Members of the Albuquerque branch gathered on Nov. 4 to celebrate the 90th anniversary since the group got its start in 1927. It was in October of that year that Mrs. Charles Root put a notice in the Albuquerque Journal announcing she would host a meeting of university women to organize a chapter of the AAUW “to co-operate with the national order in promoting educational, civic and social progress of women.”
Over the decades, the organization has helped found Albuquerque Museum of Art and History, provided scholarships to help women complete master’s degrees, lobbied legislators on policy related to women and promoted education for girls and women.
“What we’ve stood for is the advancement of women and girls,” said Joy Donelson, branch program director and vice president.

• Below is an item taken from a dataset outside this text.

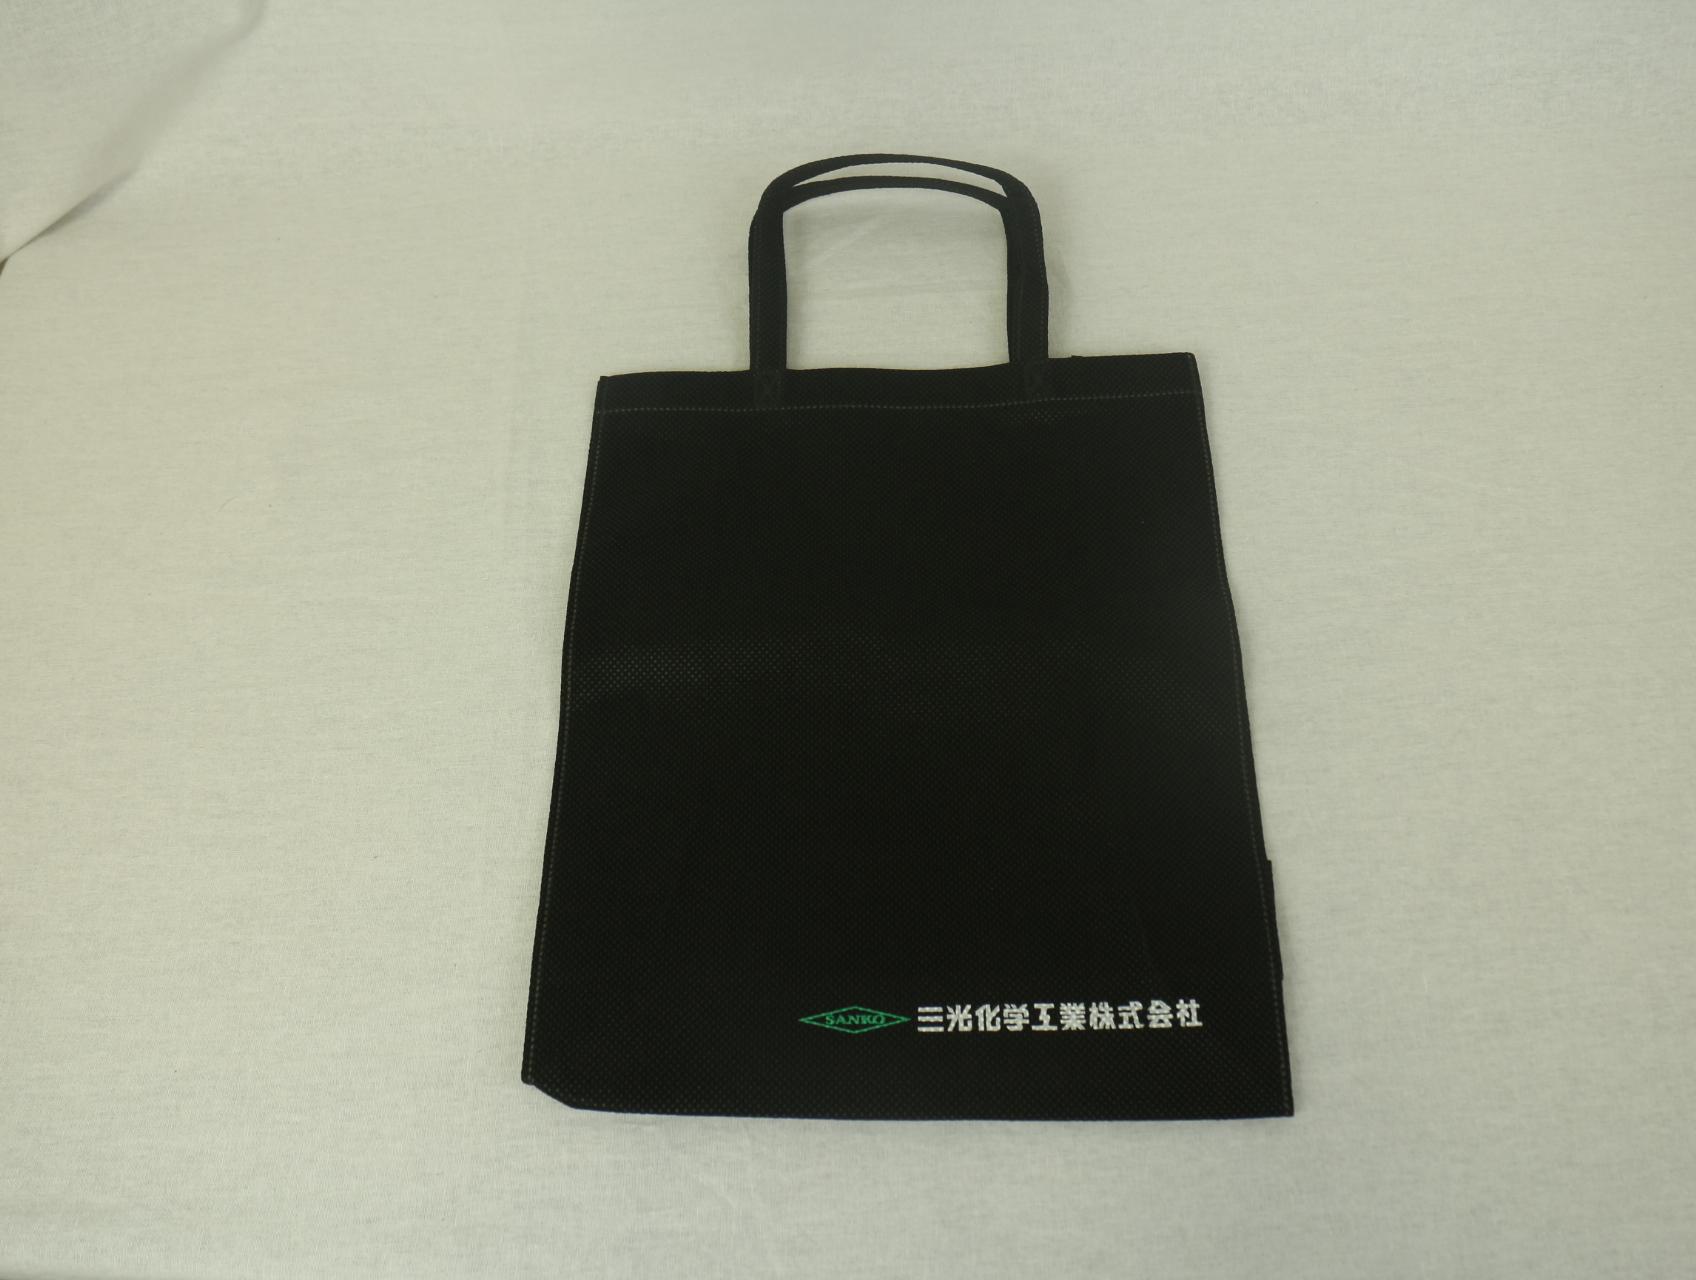 産業・農業用防毒などの販売もされています会社様のオリジナル不織布バッグ
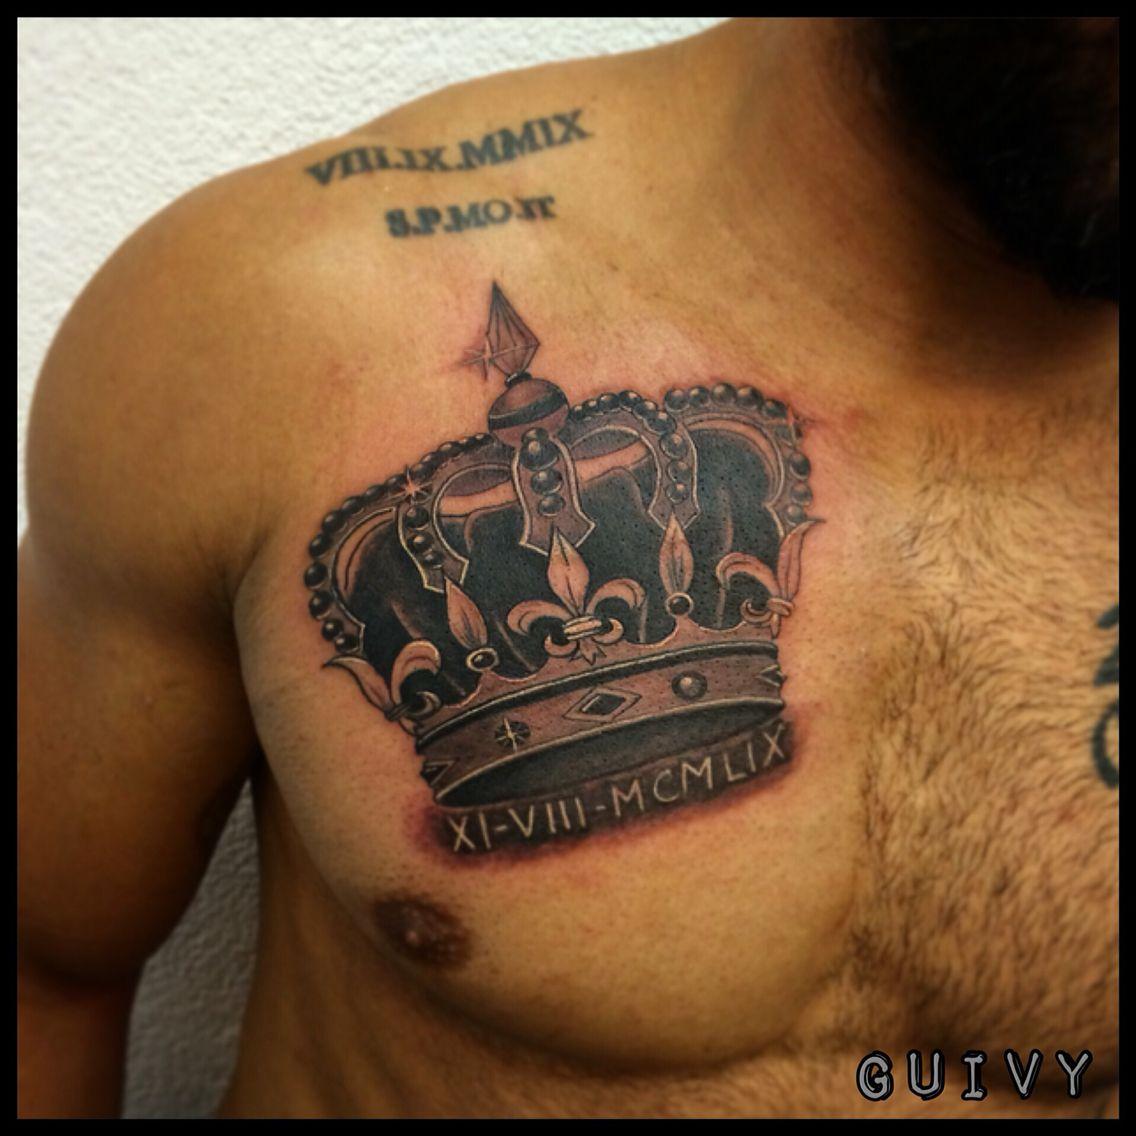 Wzory Tatuaży, Tatuaże Rękawy, Tatuaż

The anniversary celebration at the North Domingo Baca Multigenerational Center drew nearly 75 people, mostly present and former AAUW members, guests and some student members from the recently formed University of New Mexico affiliate. The theme was “AAUW’s Vision – Yesterday, Today & Tomorrow.”
Members and students gave a fashion show modeling outfits from each decade of its history from the 1920s through to the present day. Lifetime AAUW member Julia Brown who was recently elected as chair of the board of directors of the national organization, gave the keynote speech.
Brown is a lawyer in Las Cruces and former Doña Ana County manager. She received the Presidential Lifetime Achievement Award in 2016, an honor that recognizes a citizen’s contributions to the nation.
Her speech focused on the branch history and left those in attendance with a call to action.
“The challenge I leave you with today, is to celebrate, pat yourselves on the back, take a deep breath, refresh and renew yourselves because we must fight on,” Brown said.
In recent years, AAUW supported the New Mexico Fair Pay for Women Act passed by the Legislature in 2013. Its Tech Trek program started in 2014 has helped support middle school girls from all over the state to attend a weeklong summer camp at New Mexico Technical Institute in Socorro where they learn about opportunities in science and engineering careers. So far, 240 girls have benefited, many from families where no one has gone to college.
Most recently AAUW representatives attended a hearing in Santa Fe to protest controversial changes to the science teaching standards that the state Public Education Department proposed for students from kindergarten to high school.
“I’m very proud of everything we’ve done,” said Janet Matwiyosf, media co-chair and past president of the Albuquerque branch.
Albuquerque’s AAUW branch currently has about 100 members, down from 500 members in 1965. Matwiyosf said numbers declined as more women entered the workforce, but over the years the membership has diversified from being mostly teachers to including a wider variety of occupations.